PROMPT →
Each line of the data below between the one containing "serra da freita" and the one containing "Les bâtiments historiques", both included, is to be repeated exactly. Please omit pictures.

AVAILABLE RECORDS →
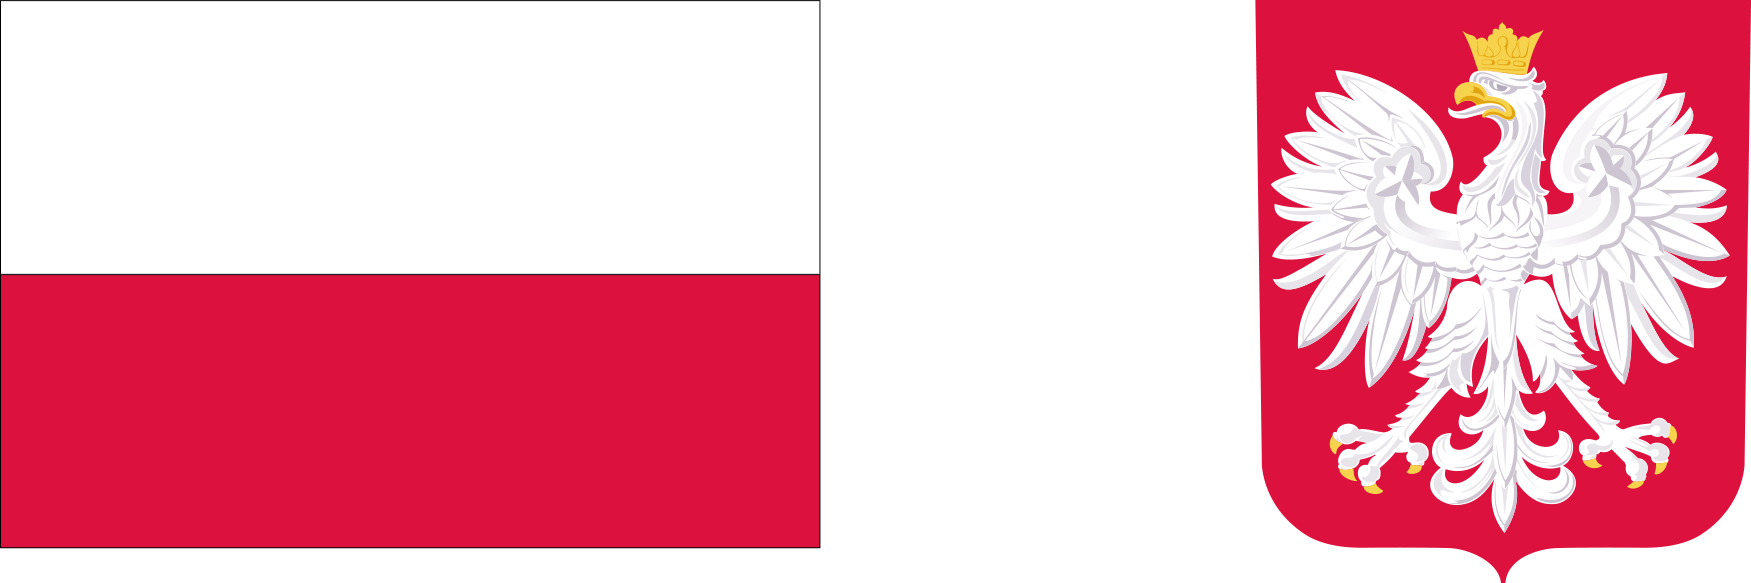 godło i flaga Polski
* * *
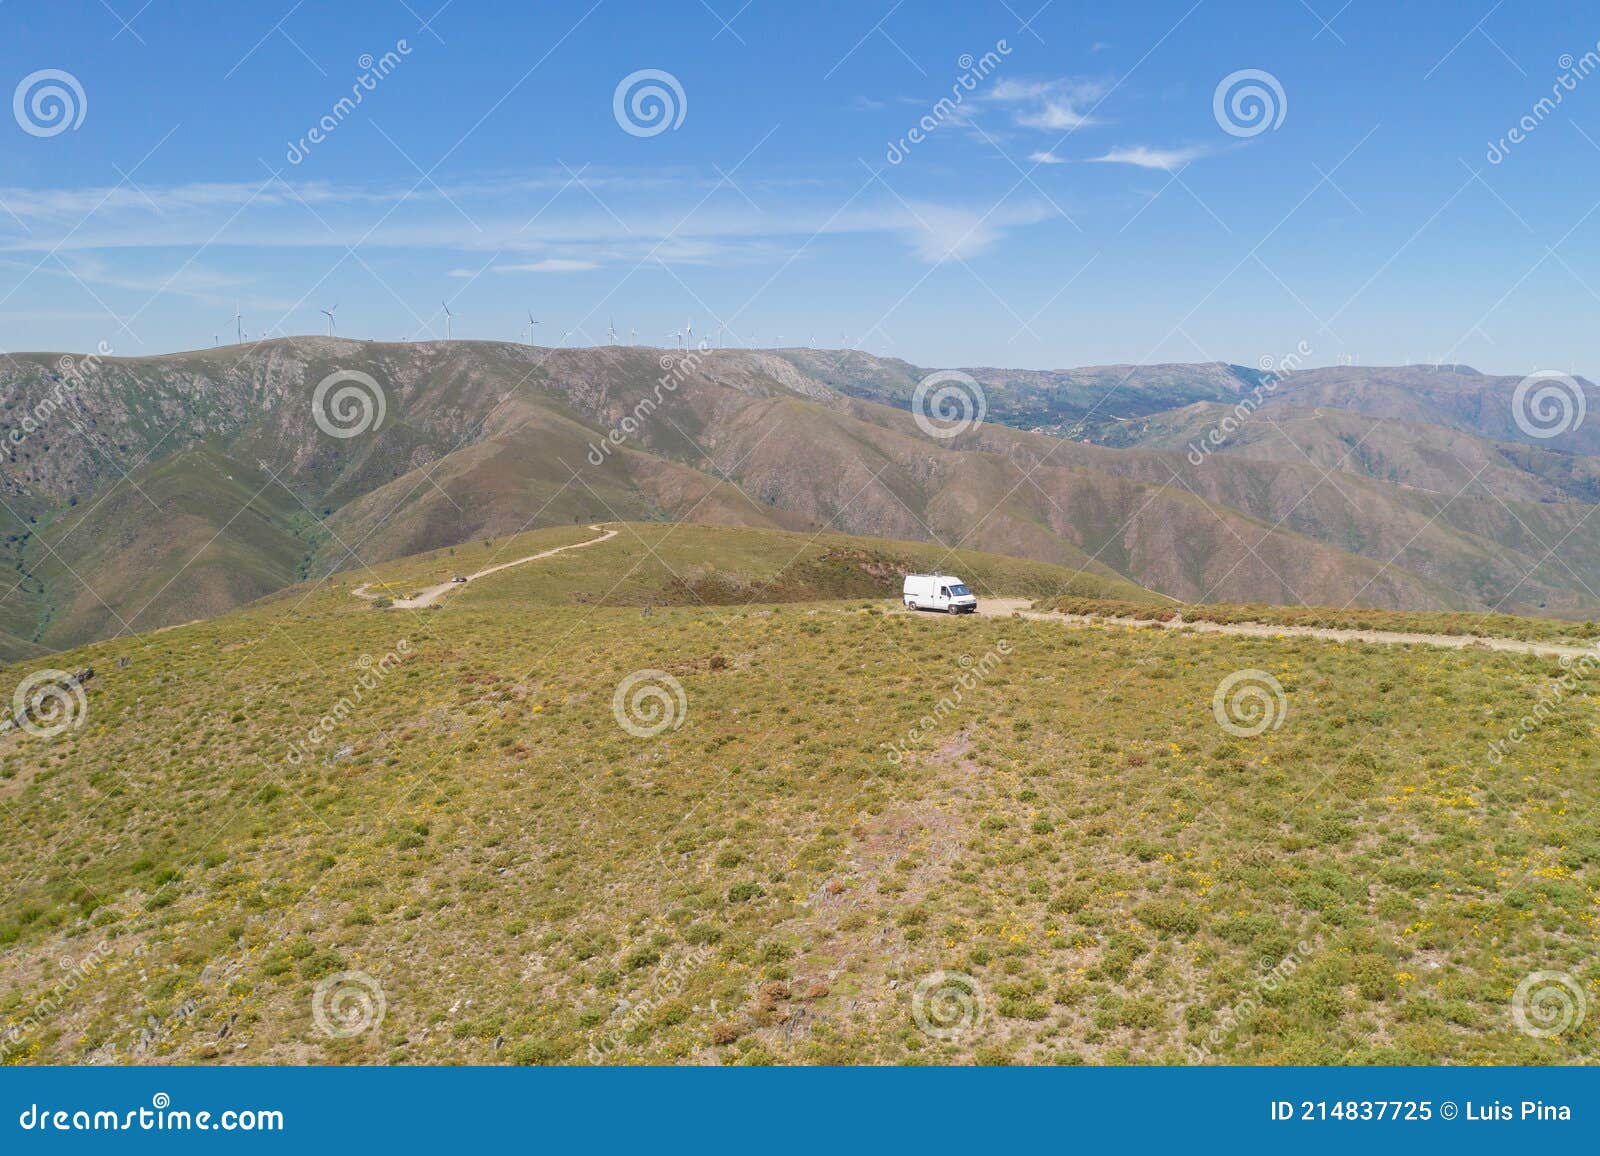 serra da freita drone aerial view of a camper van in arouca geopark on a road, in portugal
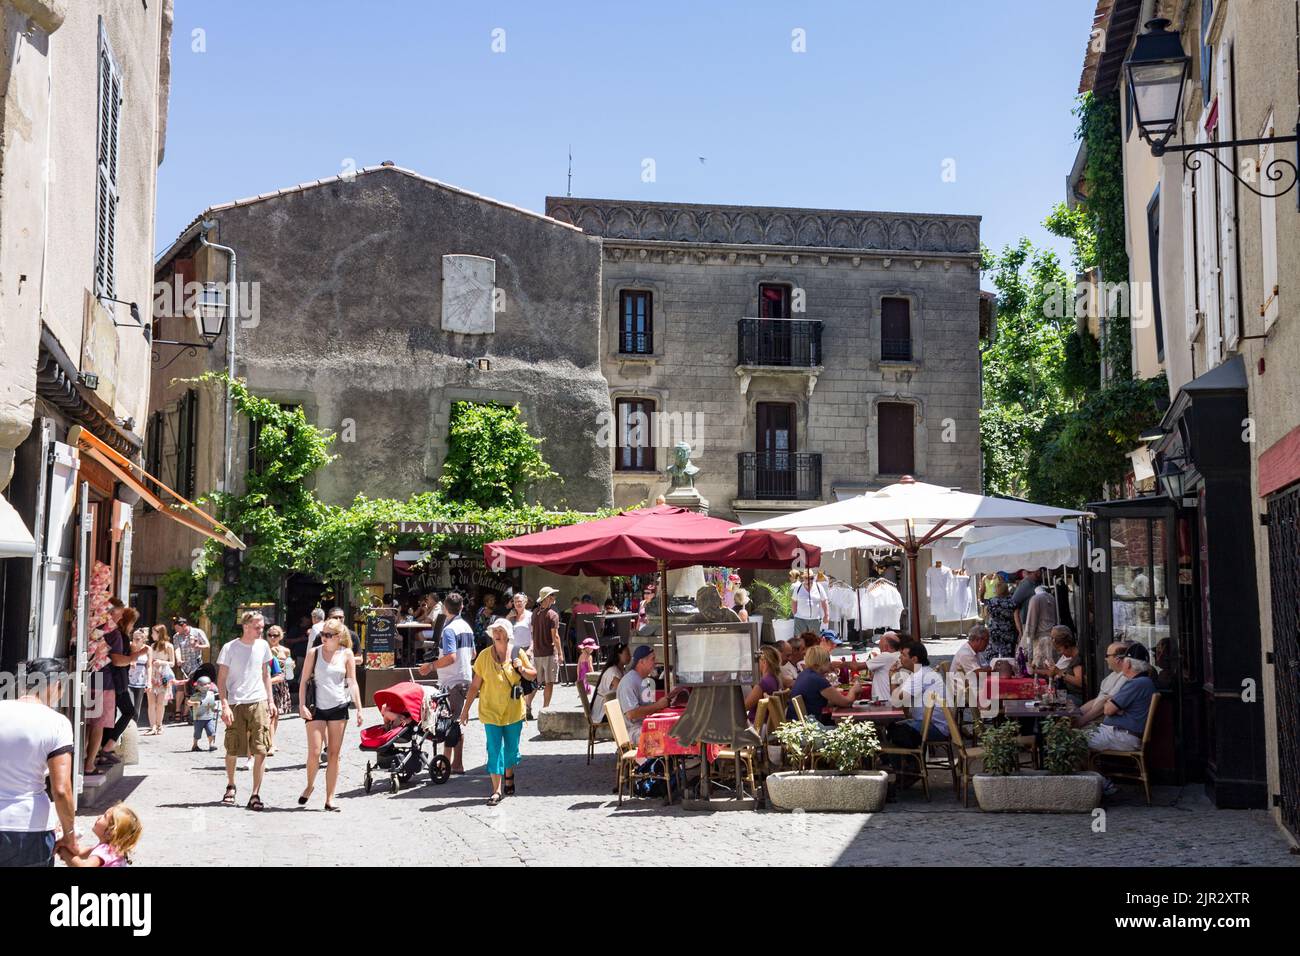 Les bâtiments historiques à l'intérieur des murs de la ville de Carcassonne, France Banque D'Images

RESPONSE TO THIS EXERCISE →
 serra da freita drone aerial view of a camper van in arouca geopark on a road, in portugal
 Les bâtiments historiques à l'intérieur des murs de la ville de Carcassonne, France Banque D'Images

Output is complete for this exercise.